Everyone seems to be getting go faster bits of kit. Two of us got tyres, one gets a whole new bike, and skolly gets bling fast bar grips.


----------



## I like Skol (13 Mar 2019)

fossyant said:


> Everyone seems to be getting go faster bits of kit. Two of us got tyres, one gets a whole new bike, and skolly gets bling fast bar grips.


----------



## I like Skol (14 Mar 2019)

3 weeks to go


----------



## fossyant (22 Mar 2019)

2 weeks to go


----------



## I like Skol (22 Mar 2019)

New chainring should arrive today to make sure my bike is tip-top. Can't have mechanicals spoiling the weekend....


----------



## fossyant (22 Mar 2019)

I like Skol said:


> New chainring should arrive today to make sure my bike is tip-top. Can't have mechanicals spoiling the weekend....



More upgrades.... 

We won't be down at the van for the next two weekends anyway - grass might grow a bit, but I'll not be cutting it when we get there - the ruddy lawn mower blows grass cuttings all over the show.


----------



## I like Skol (22 Mar 2019)

fossyant said:


> More upgrades....


Not really. Put a new chain on a few weeks ago and was worried it might not run on the old cassette. Turns out the cassette was perfectly happy with new chain but 32T chainring was picking up the chain when dropping from the big ring and giving chain suck 

Two new genuine Shimano chainrings of the correct part number for this chainset, £17.62 delivered. One about to go on and a spare for next time.


----------



## I like Skol (22 Mar 2019)

It's like Christmas here! Doorbell has just gone for 3rd delivery of the day...


----------



## fossyant (22 Mar 2019)

That gas thingy is a bit bling.


----------



## fossyant (22 Mar 2019)

Got the Aldi one:-


----------



## I like Skol (22 Mar 2019)

I can be partial to a little bling occasionally.


----------



## dan_bo (22 Mar 2019)

Those chainrings don't look as though they'll last the weekend. Bless em.


----------



## I like Skol (22 Mar 2019)

Those chainrings are made of steel. They're hard, like me, and they will be difficult for you to see as I disappear into the distance....


----------



## I like Skol (22 Mar 2019)

Anyway, I'm off out to see if I can get a puncture and try my new toy


----------



## fossyant (22 Mar 2019)

I like Skol said:


> Those chainrings are made of steel. They're hard, like me, and they will be difficult for you to see as I disappear into the distance....

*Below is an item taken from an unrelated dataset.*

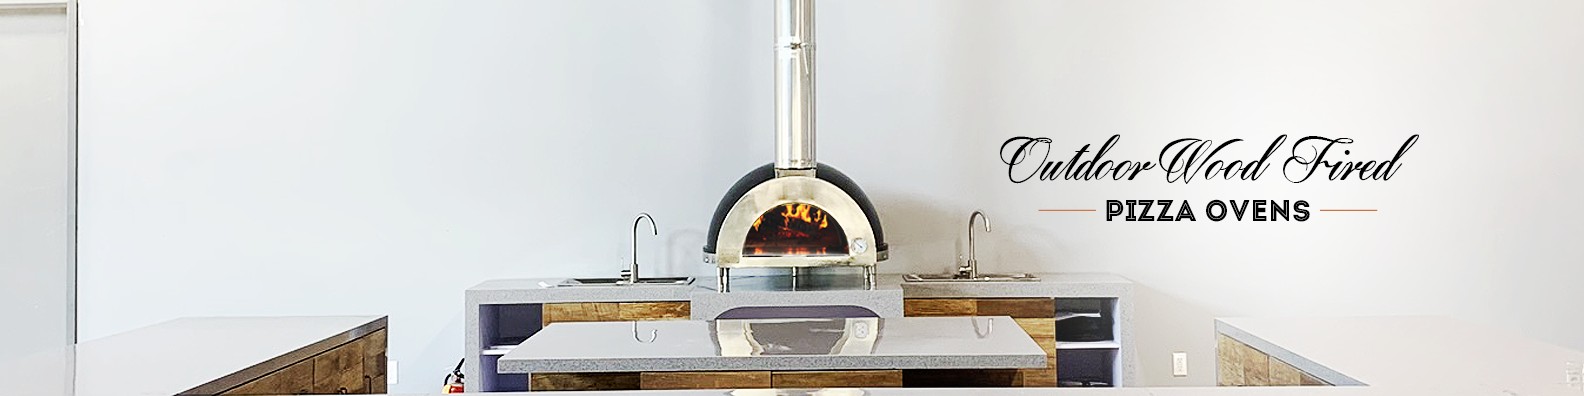 Ilfornino Wood Fired Pizza Ovens Linkedin

Don't get your big head stuck between the trees !


----------



## I like Skol (26 Mar 2019)

Hmmmm.







I'll settle for that if it holds, could be a lot worse...…


----------



## fossyant (26 Mar 2019)

Too far away really to accurately predict. It will be great in any weather, but better if it's not piddling down - gonna be fun drying out soaked clothes (radiators on max). At least if it's dry, we can turn the veranda into a Chinese laundry. Outlook is reasonable though.

I'll have two pairs of SPD shoes ! It's apparently pretty dry on the trails now, despite last few week's washout. 

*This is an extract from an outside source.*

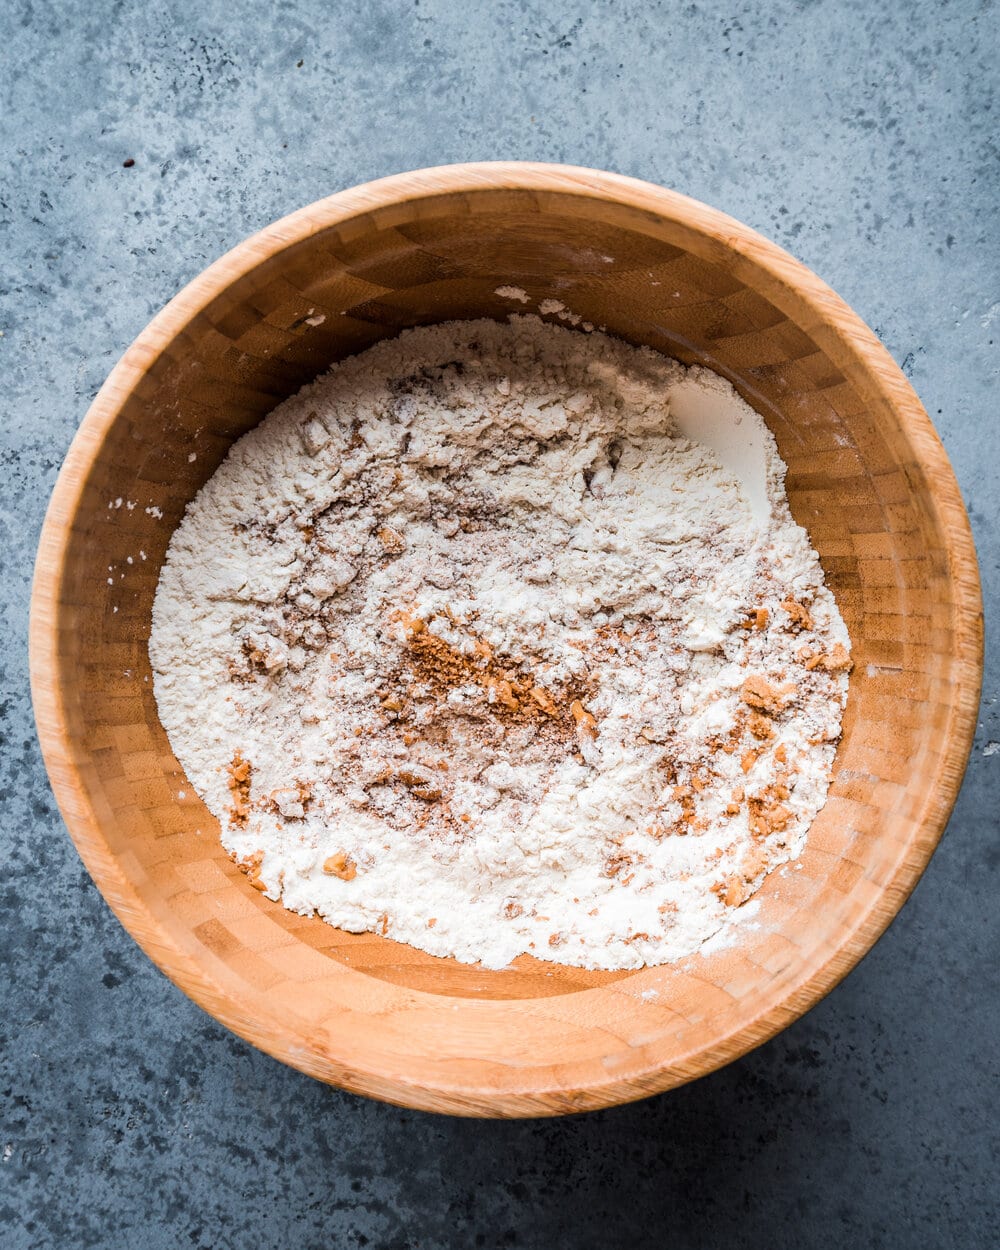 brown sugar and walnuts mixed with flour, baking powder, baking soda, and salt in bowl

I'm off work Friday this week so debating a trip to Llandegla, or a 3 hour ride round Roman Lakes/Lantern Pike - if the weather is pants, Llandegla is better riding.


----------



## fossyant (4 Apr 2019)

Just a day to go !


----------



## I like Skol (4 Apr 2019)

I'm not ready! Can we put it back to next weekend?


----------



## fossyant (4 Apr 2019)

You've got a day to get packing !


----------



## I like Skol (4 Apr 2019)

I like Skol said:


> View attachment 459303


Not much change since I posted that, slightly better IMO


----------



## I like Skol (5 Apr 2019)

Just loading the car up. Is it too early to be looking longingly at that first can of beer?


----------



## dan_bo (5 Apr 2019)

I like Skol said:


> Just loading the car up. Is it too early to be looking longingly at that first can of beer?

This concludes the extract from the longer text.